Ночь прошла ужасно. Откиснув в ванне за два или три часа и вдоволь нарыдавшись, я разложил себе диван и плюхнулся спать не раздеваясь. Бальтазар, по идее, был в своей спальне. Не возникло желания проверять. Он меня не тревожил, и слава Богу. Нет, не слава. Проклятье. Ну почему все так получилось? Так грустно и нелепо. Идиотское трусливое предательство на самом последнем метре дистанции. Когда финальная карта, положенная сверху, рассыпала карточный домик. Этот сраный домик строился в моей груди. Как же все болит на стройплощадке, о боги. Не хочется ни жить, ни вспоминать, а умирать слишком просто. Хоть бы меня сном сморило, ну хоть на полчасика. Светает уже. И день не принесет никакого облегчения.

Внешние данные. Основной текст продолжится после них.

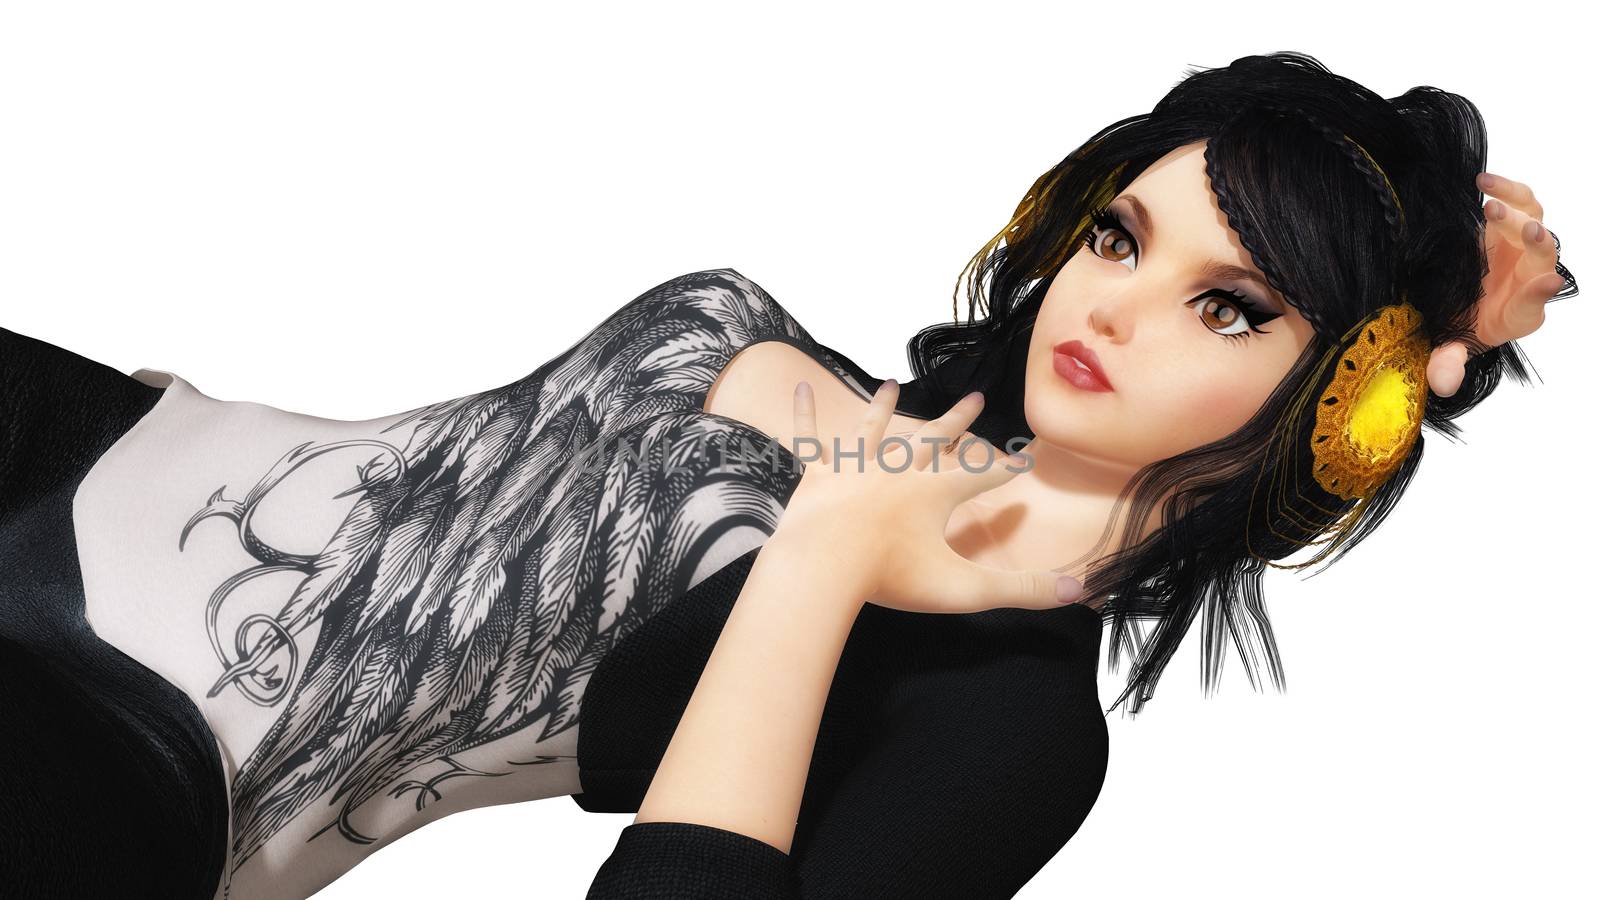 Digital 3D Illustration of a young Female by 3quarks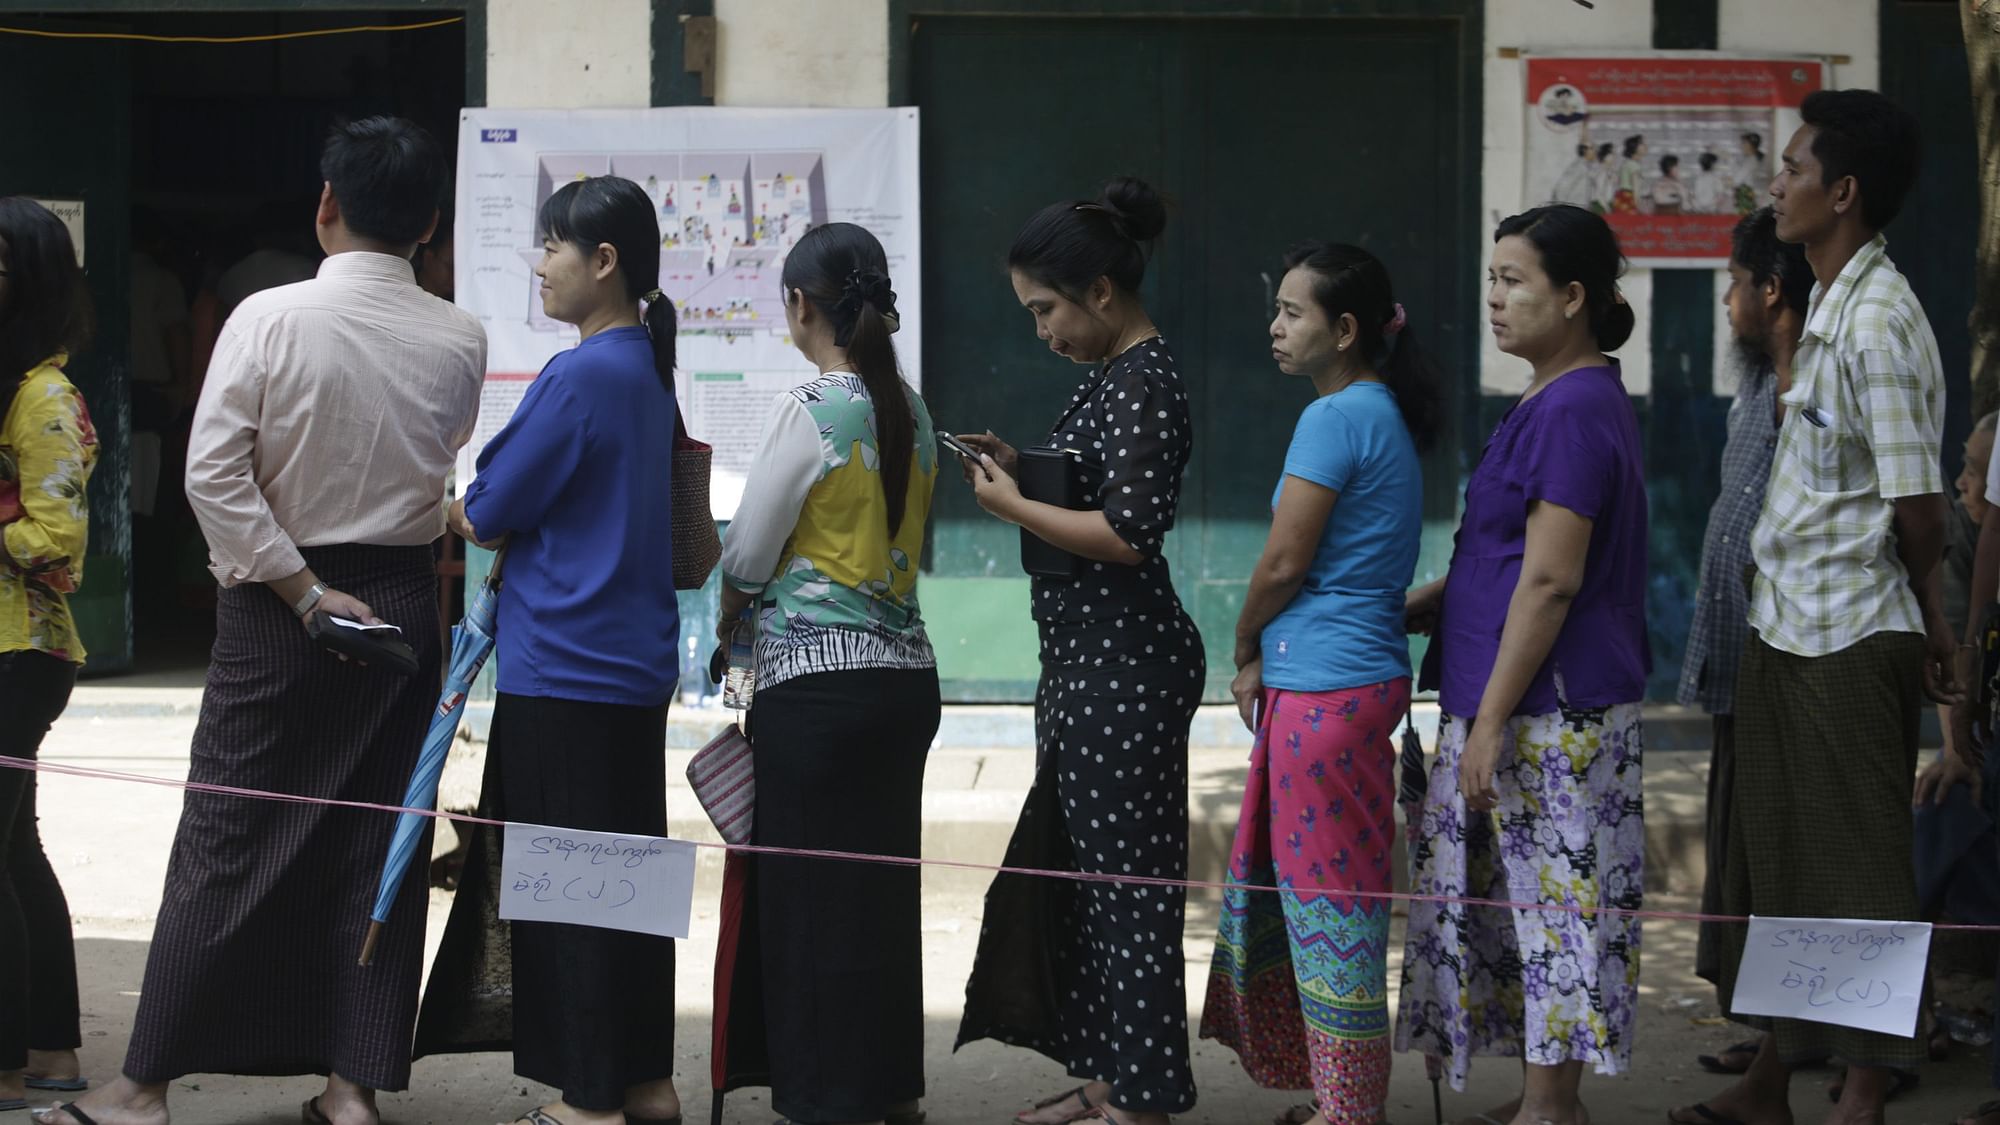 File photo. People queue to cast their votes at a polling station in Yangon, Myanmar, November 8, 2015.

Я так и не уснул. Вареный и разбитый, я поплелся во все ту же ванную, как-то приводить себя в порядок, причесываться и замазывать круги под глазами. Шарахнулся от Бэла, прокравшись на балкон за бутылью питьевой воды: оказывается, он провел ночь там, а не в постели. Выкурил блок сигарет. Ну, может, и больше… пол был густо усеян окурками. Наверное, он тоже не сомкнул глаз. Хотя меня не должно это волновать.
Я сварил крепчайший кофе, выпил его, морщась и опасаясь, что все полезет обратно, собрался, надев не форму, а обычный костюм с галстуком. Несмотря на адски раскалывающуюся башку, я помню вводную лекцию, где было сказано, что на посвящении мне вручат новую форму.
Ровно в девять утра под особняком остановился черный фургон с наглухо затонированными стеклами, я сел в него через задние двери, и автомобиль тут же тронулся. Я уехал неизвестно куда.
В салоне имелось три ряда пустых сидений, разделенных проходом. Еще одного пассажира я заметил далеко не сразу. Он прекрасно сливался в полутьме с черным кожаным салоном в своем одеянии, похожем на монашеское, и в капюшоне, низко надвинутым на лицо. Я не осмелился подсесть к нему поближе и завязать разговор. Почувствовал необъяснимый страх, ну и пятая точка подсказала, что он предпочитает путешествовать в тишине.
Мы прибыли довольно быстро, последние десять минут ехали в гору. Человек в капюшоне пропустил меня вперед по вполне понятным соображениям своей конспирации. Я не то чтобы теряюсь в догадках, кто он, скорее, взвешиваю — человек ли…
До этого я видел обсерватории исключительно на картинках в Интернете и в школьном учебнике астрономии. Когда мы поднялись в центральный зал с вращающимся куполом, я оробел. Там был Хэлл, как всегда деловитый и казавшийся еще более миниатюрным в халате с длинными рукавами не по размеру. Инженер стоял на лесенке перед телескопом и не обращал никакого внимания на выстроившихся за его спиной людей.